View source: R/cell_bar_plot.R
| cell_bar_plot | R Documentation |
Creates stacked bar charts to visualize tumor microenvironment (TME) cell fractions. Supports batch visualization of deconvolution results from methods such as CIBERSORT, EPIC, and quanTIseq.
cell_bar_plot(
input,
id = "ID",
title = "Cell Fraction",
features = NULL,
pattern = NULL,
legend.position = "bottom",
coord_flip = TRUE,
palette = 3,
show_col = FALSE,
cols = NULL
)
input |
Data frame containing deconvolution results. |
id |
Character string specifying the column name containing sample identifiers. Default is "ID". |
title |
Character string specifying the plot title. Default is "Cell Fraction". |
features |
Character vector specifying column names representing cell types to plot. If NULL, columns are selected based on 'pattern'. Default is NULL. |
pattern |
Character string or regular expression to match column names for automatic feature selection. Used when 'features' is NULL. Default is NULL. |
legend.position |
Character string specifying legend position ("bottom", "top", "left", "right"). Default is "bottom". |
coord_flip |
Logical indicating whether to flip plot coordinates using 'coord_flip()'. Default is TRUE. |
palette |
Integer specifying the color palette to use.

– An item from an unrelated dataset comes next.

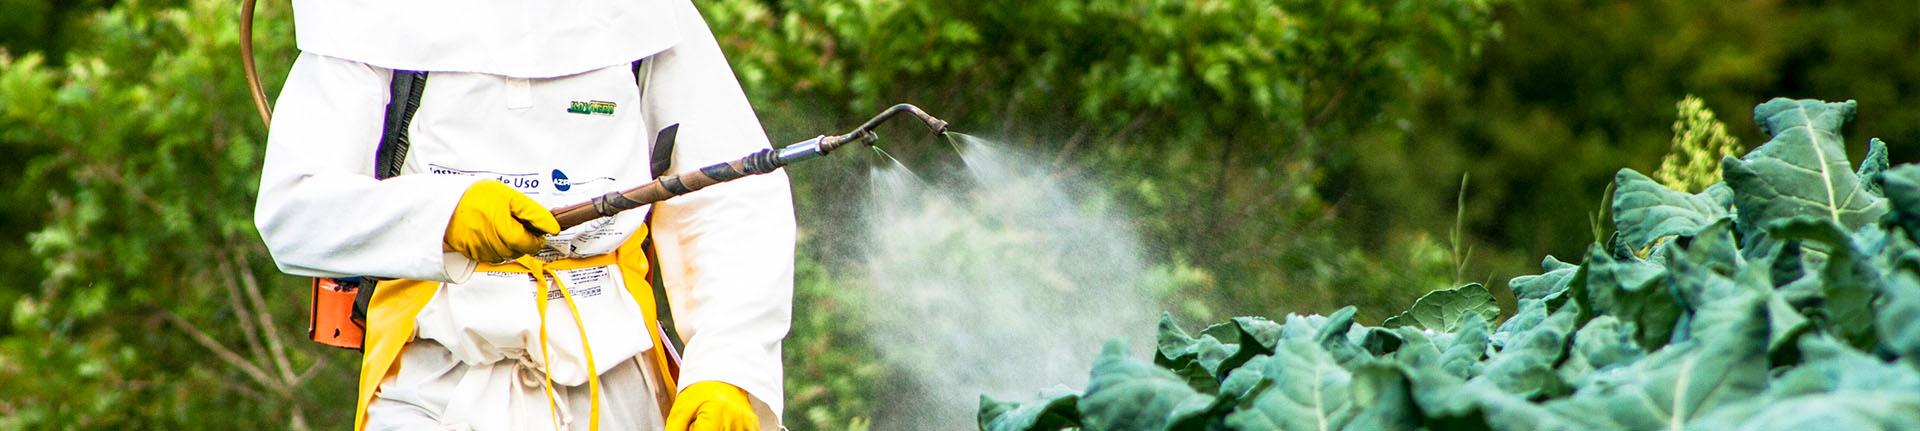 Agrotóxicos, o perigo de consumi-los e como eliminá-los
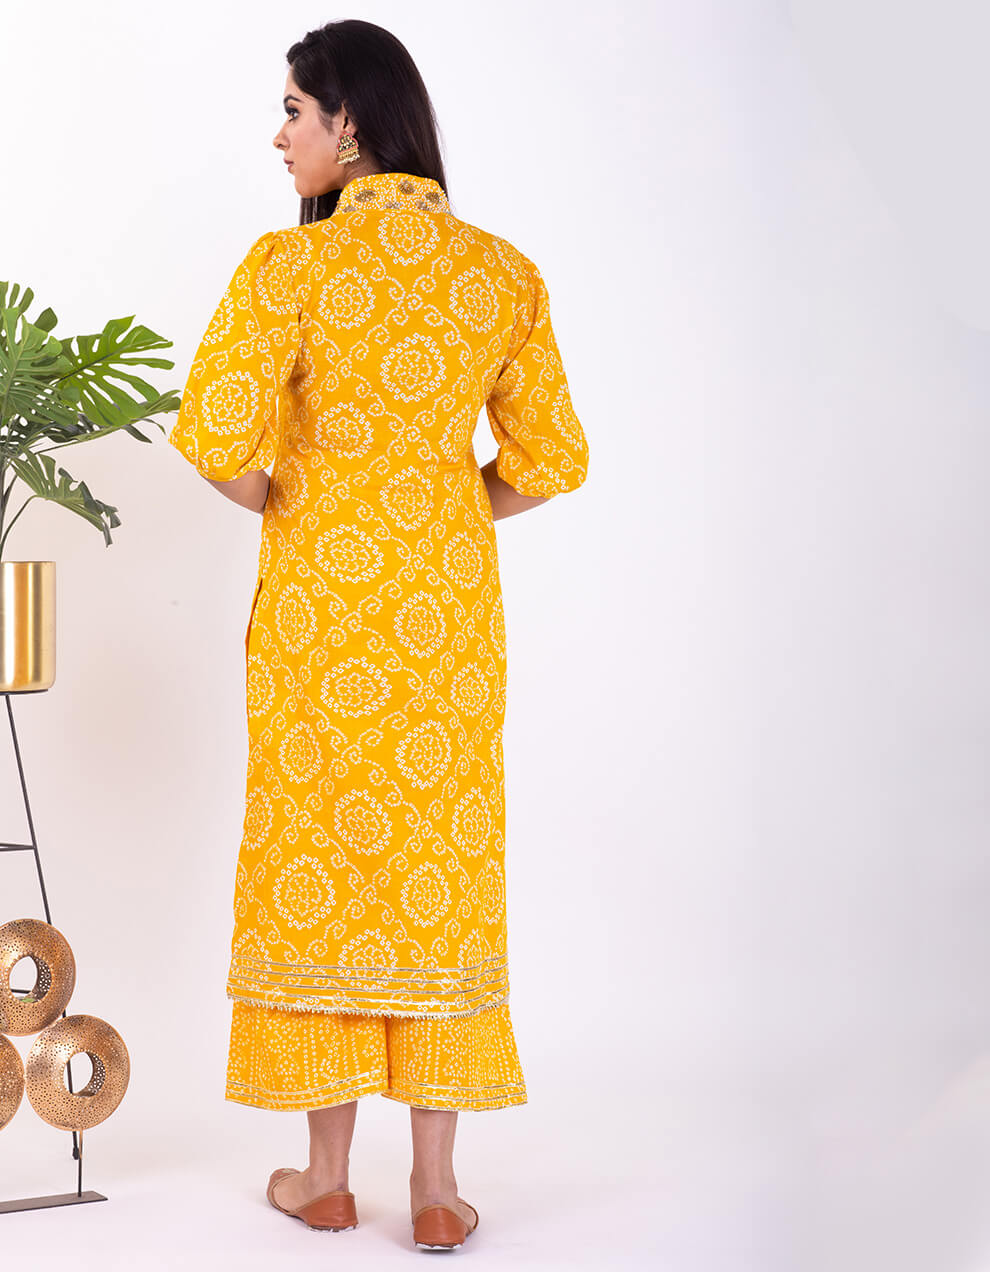 Yellow hand embroidered bandhani cotton kurta with pallazzo and dupatta- Set of 3

Default is 3. |
show_col |
Logical indicating whether to display color information. Default is FALSE. |
cols |
Character vector of custom colors. If NULL, palette is used. Default is NULL. |
A ggplot2 object representing the stacked bar chart.
Dongqiang Zeng
set.seed(123)
input_data <- data.frame(
ID = paste0("Sample", 1:10),
Cell_A = runif(10, 0, 0.4),
Cell_B = runif(10, 0, 0.3),
Cell_C = runif(10, 0, 0.3)
)
cell_bar_plot(input = input_data, id = "ID", features = c("Cell_A", "Cell_B", "Cell_C"))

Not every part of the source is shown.